Monday, November 16, 2009

Puzzle Pieces

I just came across an analogy in Wayne Grudem's Systematic Theology that puts to words something I have been thinking about for the last few years. Upon a first reading, the Bible can appear so mysterious and opaque to understanding. Kings and kingdoms and sacrifices and law and churches and revelations and songs and proverbs and judgment and anger and joy and brutality and grace and...how does this all fit together? How am I supposed to understand it all?
Well, Grudem compares studying the Bible and theology to putting together a jigsaw puzzle: "The more pieces one has in place correctly to begin with, the easier it is to fit new pieces in, and the less apt one is to make mistakes." This so clearly illustrates some of my frustrations and conclusions in studying the Bible in the past. At times it has been as though I have studied a single piece of a puzzle, knowing all its colors and shapes, but I have no idea where it goes.

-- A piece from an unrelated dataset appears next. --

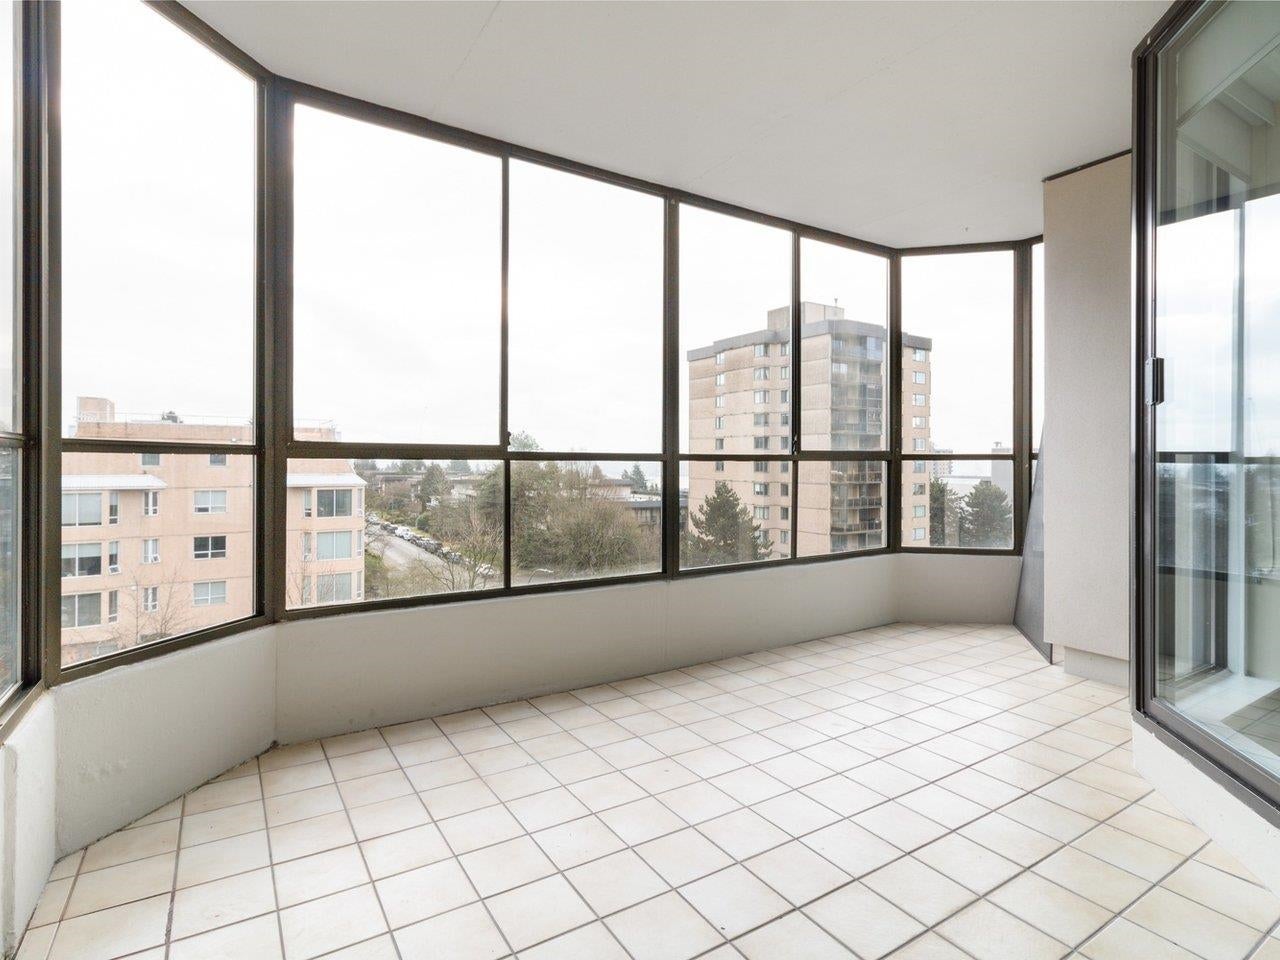 603 505 LONSDALE AVENUE - Lower Lonsdale Apartment/Condo for sale, 2 Bedrooms (R2760507) #11

I have to put it to the side and keep working on the rest of the puzzle keeping in mind I have one piece on the side with certain colors and shapes. Eventually the puzzle fills in enough that I know where that piece should go. But at the start I had no idea. It took time and further work to figure it out.
So too it goes with Bible study. As I learn more of the Old Testament, ideas in the New become clearer. As I study one passage the light goes on in another. There is no way I could understand certain passages the first time I read them. But as I work through the Bible again and again, I pick up new things each time and begin to see how it all fits together. I view this as God's amazing wisdom in putting together a book that fits together so well and so precisely.
I look forward to working on this puzzle the rest of my life.